JPS61201482A - Semiconductor optical position detector - Google Patents

Abstract

PURPOSE:To augment sheet resistance, to increase an output and to improve an S/N ratio by forming a resistance layer by materials mainly comprising tin oxide. CONSTITUTION:A resistance layer 2 (a transparent conductive film) using tin oxide SnO2 as a chief material is shaped onto a substrate 1 through a sputtering method or a vacuum deposition method. A photovoltaic layer 3 is formed onto the upper surface of the resistance layer 2, and a resistance layer 4 consisting of the same material as the resistance layer 2 is shaped onto the upper surface of the layer 3 through the same method. Since the resistance layers 2, 4 are formed by the materials mainly comprising tin oxide, the sheets of the resistance layers 2, 4 can be brought to approximately several hundred OMEGA/square - several kOMEGA/square. That is, sheet resistance displays a marked large value. Accordingly, the value of R/r is lowered, and the output of a position detecting signal can be increased remarkably, thus also improving an S/N ratio.

Description

DETAILED DESCRIPTION OF THE INVENTION (Field of Industrial Application) The present invention relates to an improvement in a semiconductor device detector using amorphous silicon as a material for a photovoltaic layer.
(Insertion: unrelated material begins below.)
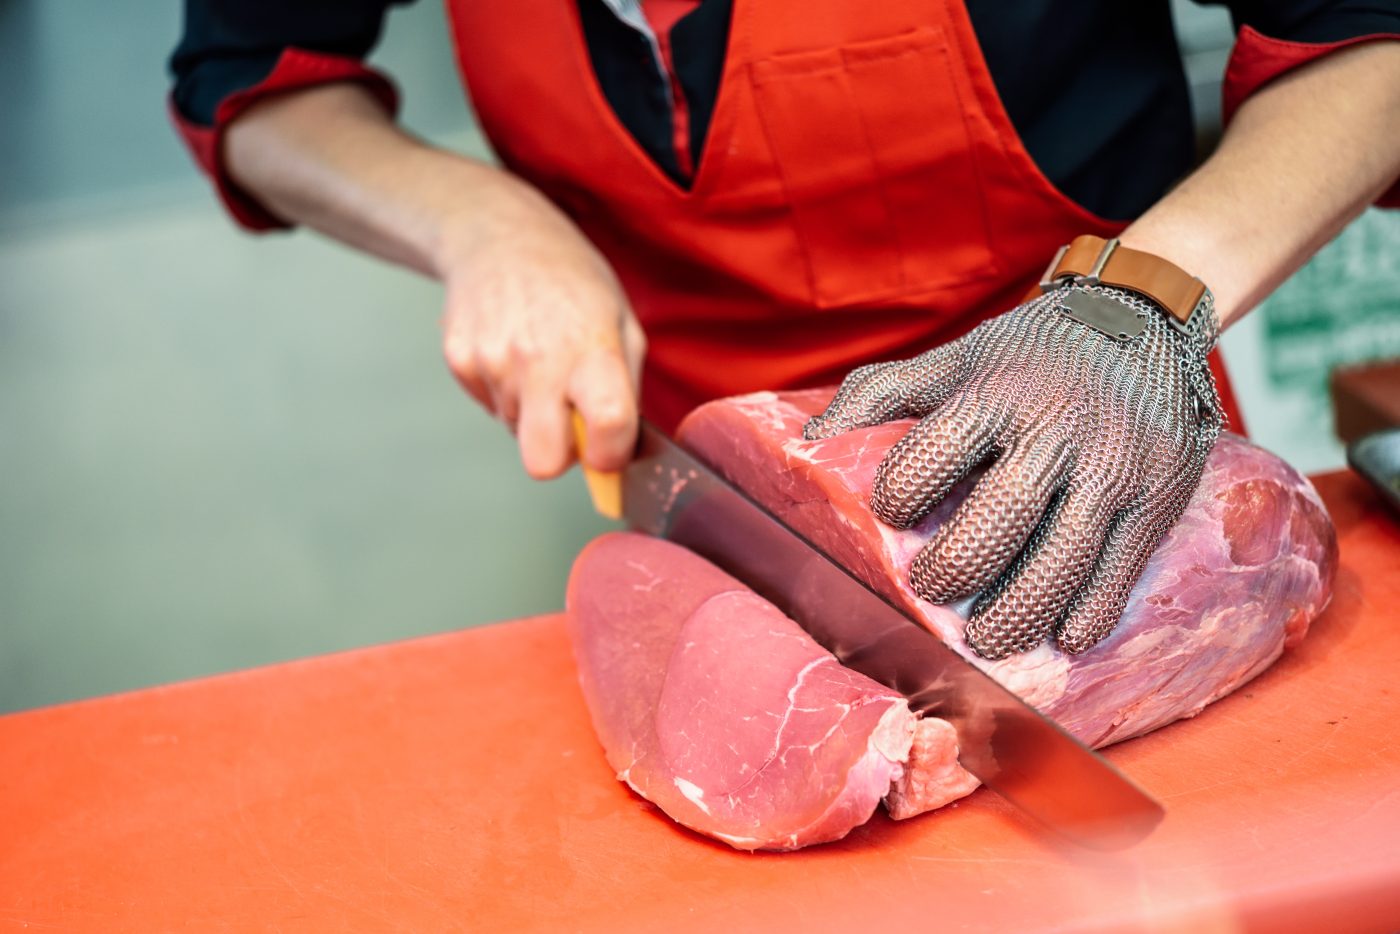 Empresas vão doar 2 milhões de quilos de carne para vítimas das enchentes no RS

(Prior Art) The present applicant previously proposed a semiconductor device detector according to Japanese Patent Application No. 161470 of 1982.
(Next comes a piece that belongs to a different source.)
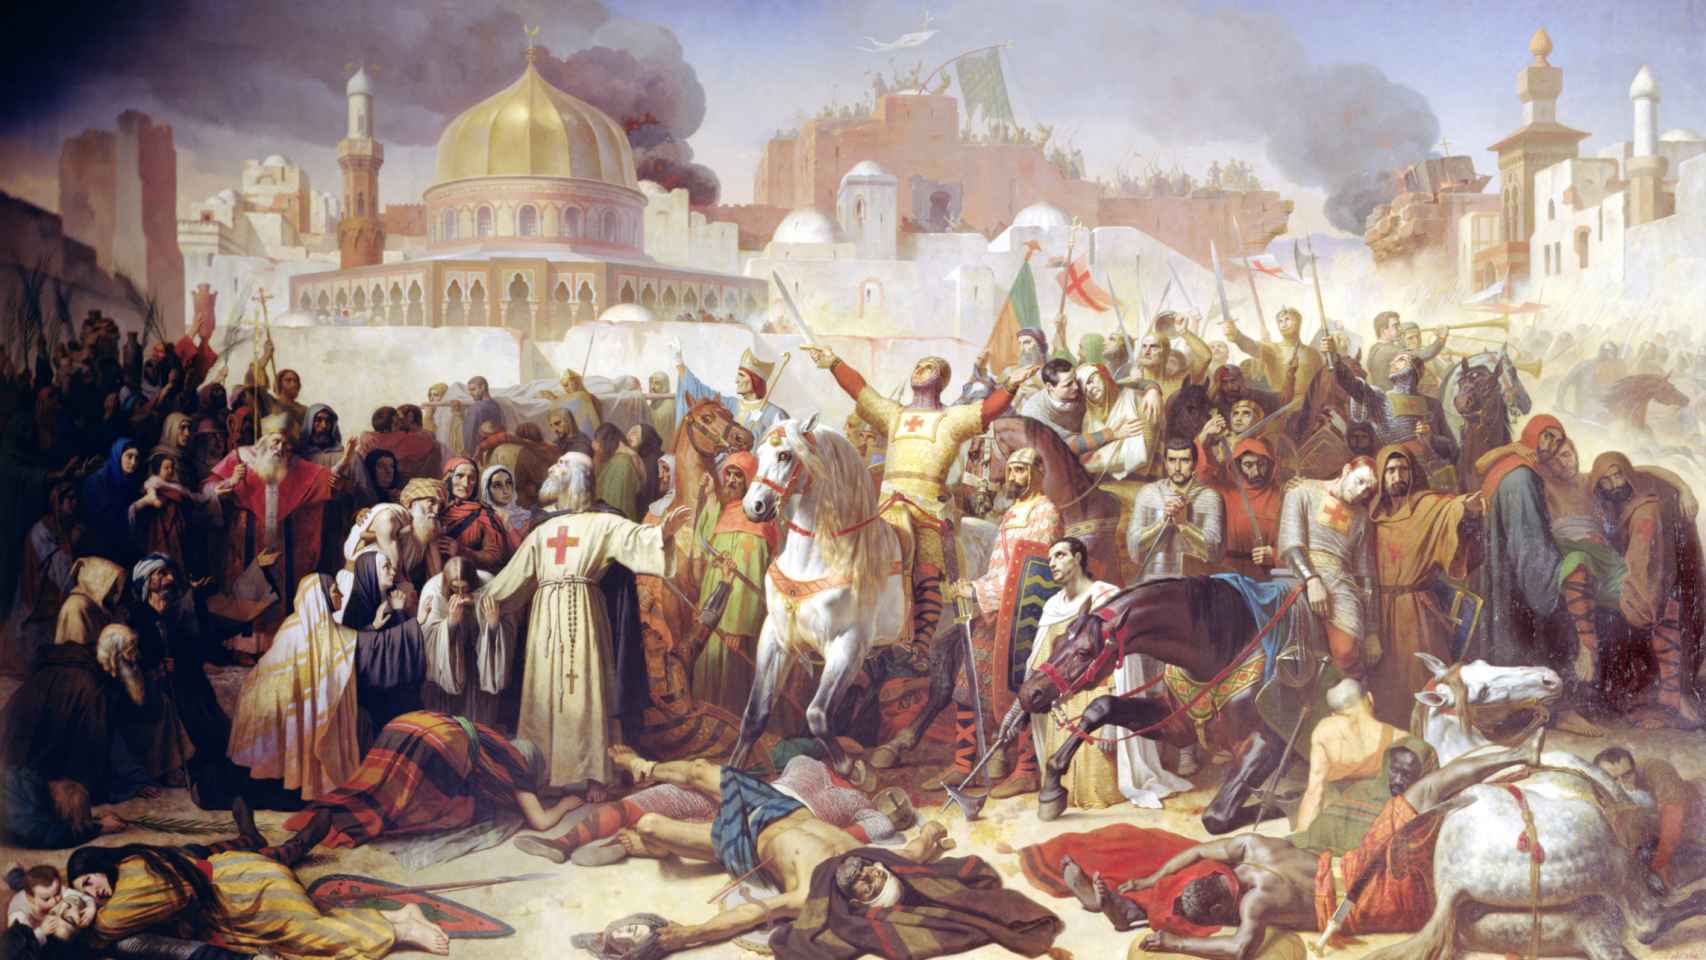 La conquista de Jerusalén (1099), según el pincel de Émil Signol.

This semiconductor device detector is equipped with a photovoltaic layer made of amorphous silicon, a resistive layer is formed on one or both surfaces of the photovoltaic layer, and a current collecting electrode is provided on the resistive layer. It has a structure.

(Problems to be Solved by the Invention) The resistance layer of the semiconductor device detector according to the above-mentioned prior application is formed by a manufacturing method such as a sputtering method or a vacuum evaporation method, and its material is ITO (indium-tin-oxide). is used.

Incidentally, in order to increase the detection sensitivity of this type of detector, it is desirable to increase the resistance value of the resistive layer.
When O is used as the material for the resistance layer, the sheet resistance that can be stably obtained is several tens of ohms, and it has been difficult to obtain a sheet resistance of several 100 Ω/or more with good reproducibility.

In other words, FIG. 7 illustrates the relationship between the oxygen partial pressure and the sheet resistance value using the substrate temperature as a parameter when forming a resistive layer made of ITO with a thickness of about 100 OA by sputtering. In order to obtain a resistance layer, it is necessary to form the resistance layer under an oxygen partial pressure where the sheet resistance value changes gradually, so it has been difficult to obtain a sheet resistance of several thousand or more.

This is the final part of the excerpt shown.